Chapter 5.2, Problem 90AYU

In applications, the symbols used for the independent and dependent variables are often based on common usage. So, rather than using $y = f (x)$ to represent a function, an applied problem might use $C = C (q)$ to represent the cost $C$ of manufacturing q units of a good. Because of this, the inverse notation $f^{- 1}$ used in a pure mathematics problem is not used when finding inverses of applied problems.
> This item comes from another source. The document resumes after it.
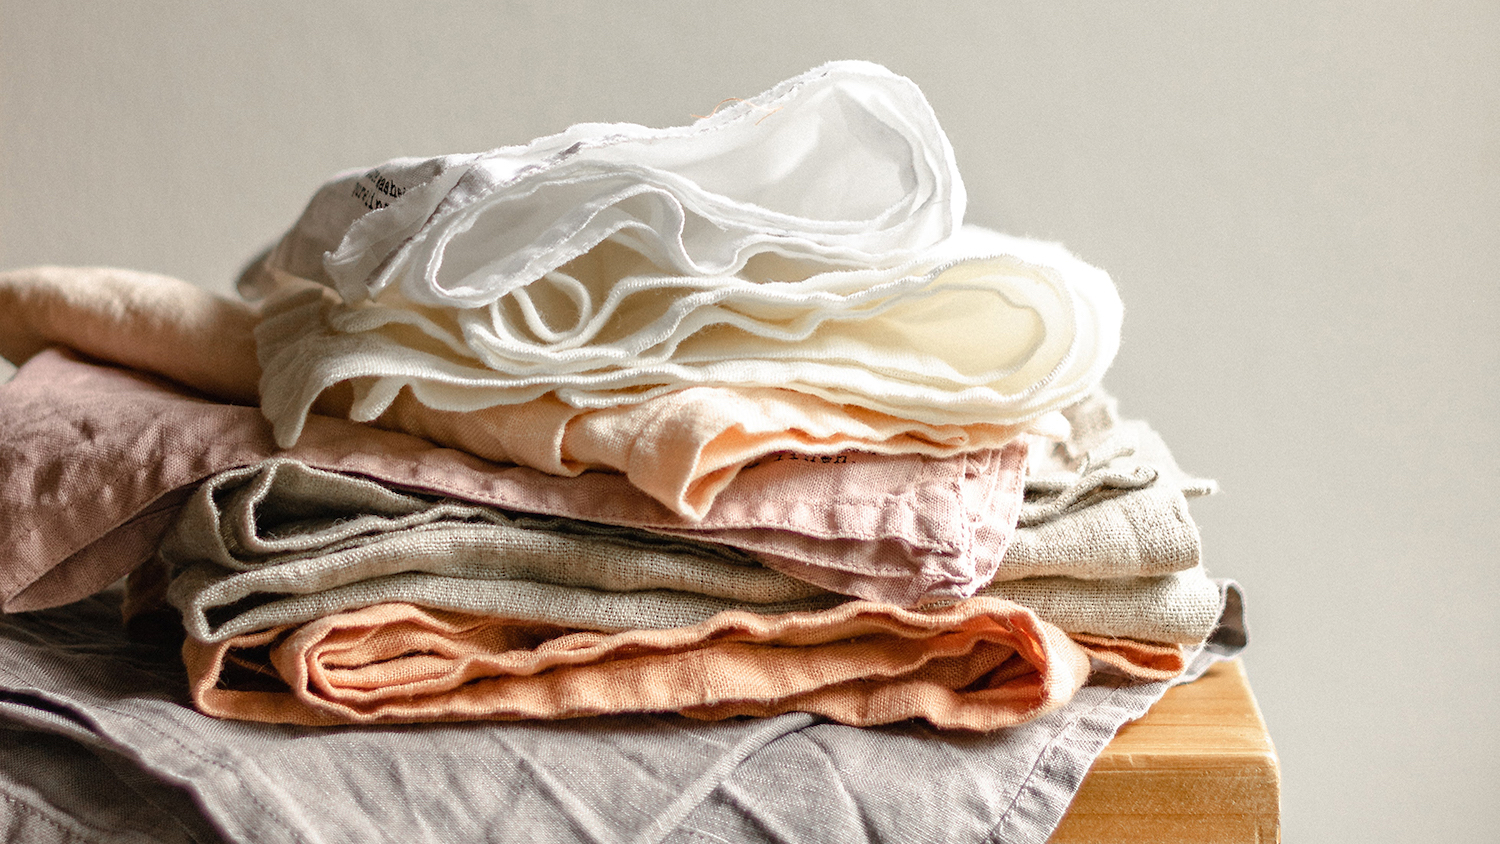 Linen napkins - Why Some Fabrics Shed More Microfibers Than Others - College of Natural Resources News - NC State University
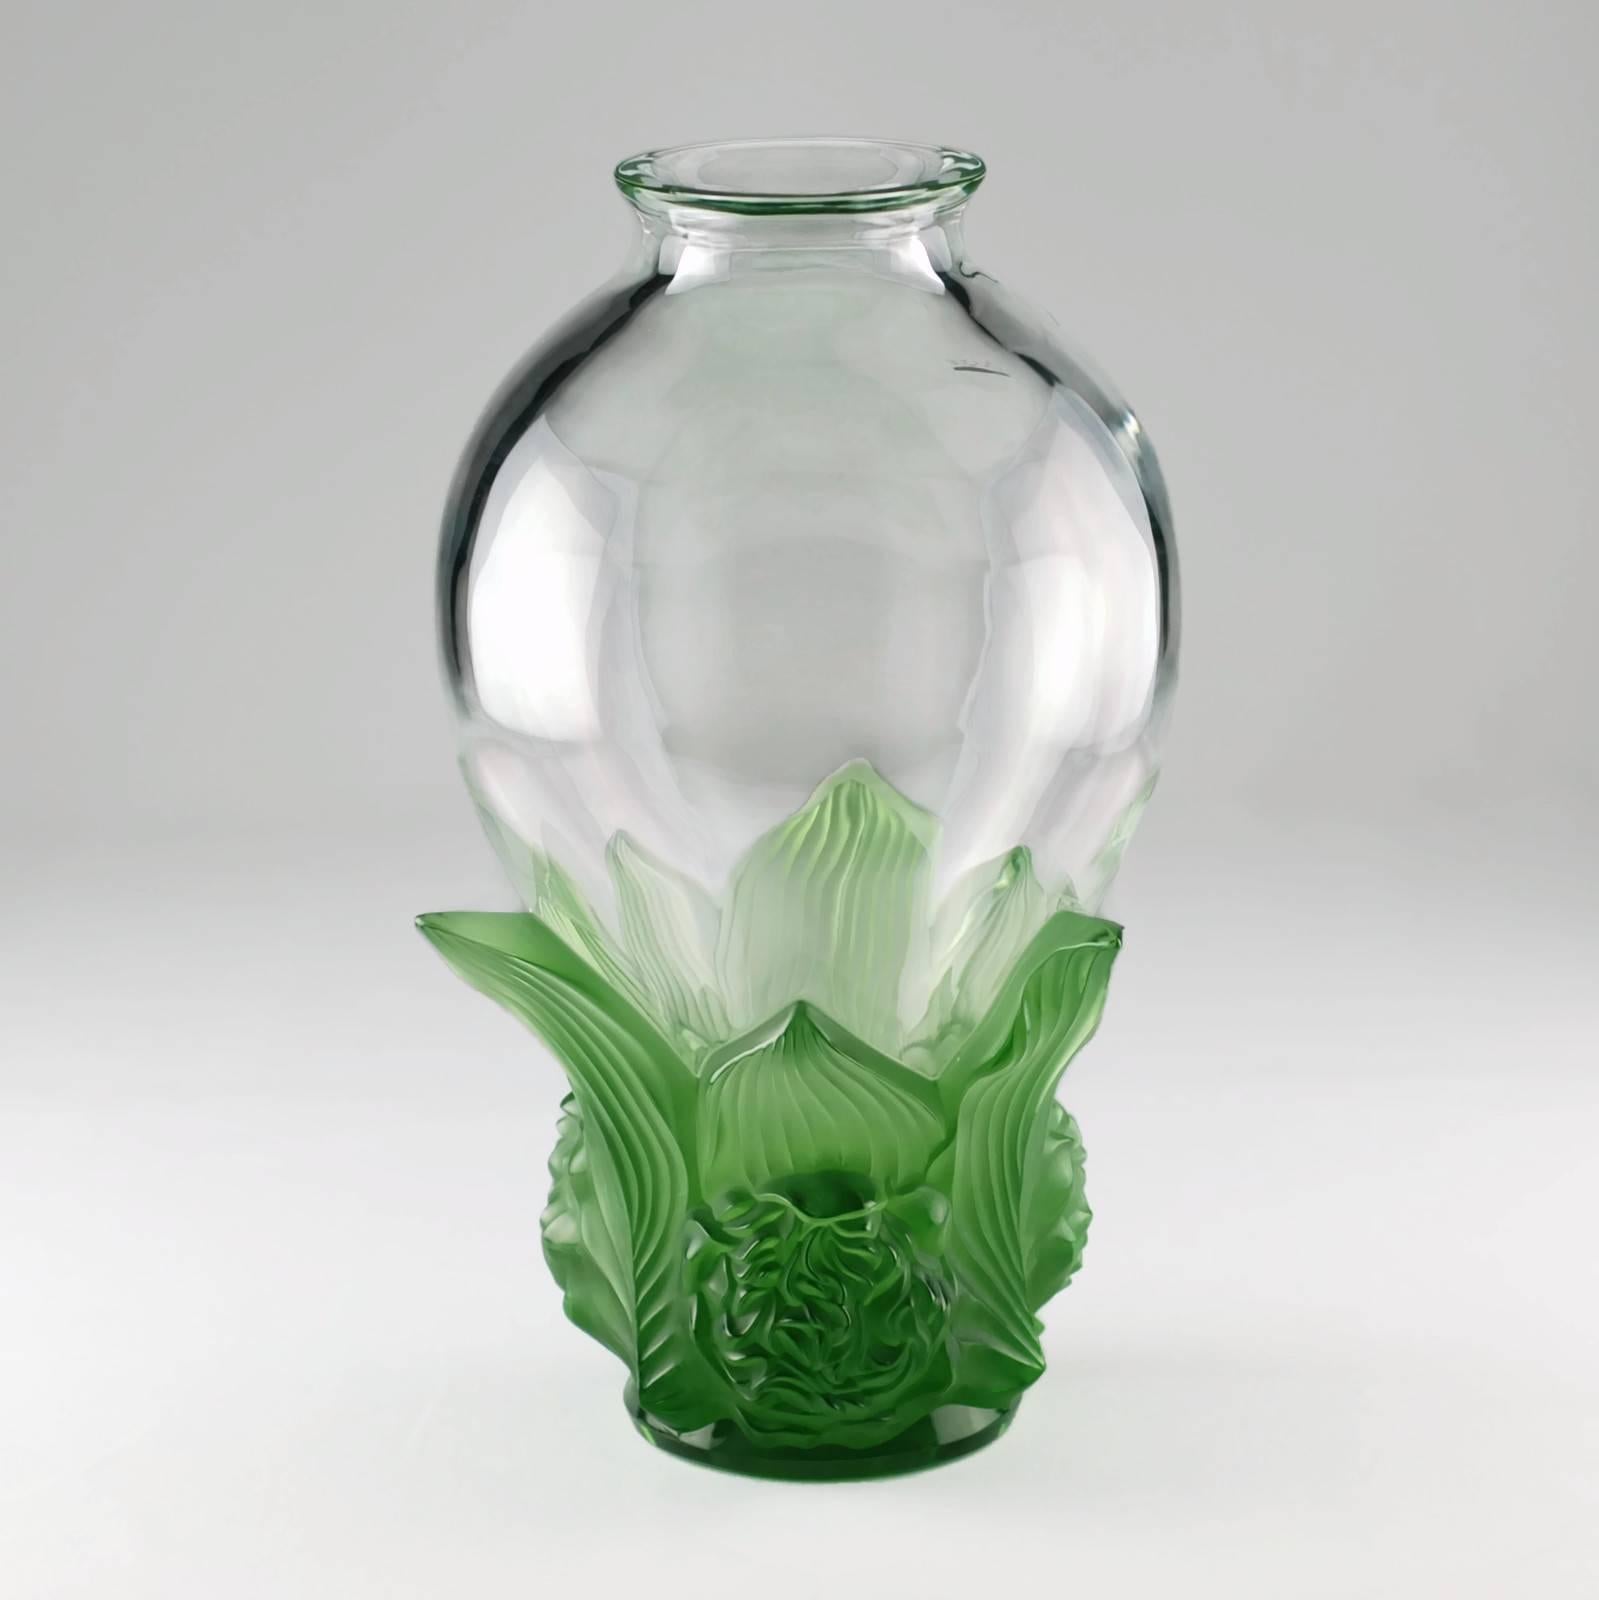 This signed and numbered limited edition Lalique vase is titled vase Pivoines and features a foliate and floral motif at the base which has been executed in jade green satin-finished crystal. The ornate decoration gives way to a clear crystal body

Rather, the inverse of a function such as $C = C (q)$ will be $q = q (C)$ . So $C = C (q)$ is a function that represents the cost $C$ as a function of the number $q$ of units manufactured, and $q = q (C)$ is a function that represents the number $q$ as a function of the cost $C$ . Problems 91-94 illustrate this idea.

Height and Head Circumference The head circumference $C$ of a child is related to the height $H$ of the child (both in inches) through the function

$H (C) = 2.15 C - 10.53$

(a) Express the head circumference $C$ as a function of height $H$ .

(b) Verify that $C = C (H)$ is the inverse of $H = H (C)$ by showing that $H (C (H)) = H$ and $C (H (C)) = C$ .

Expert Solution

To determine

To find: The head circumference $C$ of a child is related to the height $H$ of the child (both in inches) through the function.

$H (C) = 2.15 C - 10.53$

a. Express the head circumference $C$ as a function of height $H$ .

Answer to Problem 90AYU

Solution:

a. The head circumference $C$ as a function of height $H$ is

$C = C (H) = \frac{H + 10.53}{2.15}$

Explanation of Solution

Given:

The height function $H (C) = 2.15 C - 10.53$ .

Calculation:

a. We can find the head circumference $C$ in terms of $H$ as

$H = 2.15 C - 10.53$

$\Rightarrow H + 10.53 = 2.15 C$

$\Rightarrow 2.15 C = H + 10.53$

$\Rightarrow C = C (H) = \frac{H + 10.53}{2.15}$

Expert Solution

To determine

To find: The head circumference $C$ of a child is related to the height $H$ of the child (both in inches) through the function.

$H (C) = 2.15 C - 10.53$

b. Verify that $C = C (H)$ is the inverse of $H = H (C)$ by showing that $H (C (H)) = H$ and $C (H (C)) = C$ .

Answer to Problem 90AYU

Solution:

b. Verified that $C = C (H)$ is the inverse of $H = H (C)$ .

Explanation of Solution

Given:

The height function $H (C) = 2.15 C - 10.53$ .

Calculation:

b. Verify $C = C (H)$ is the inverse of $H = H (C)$ by showing below.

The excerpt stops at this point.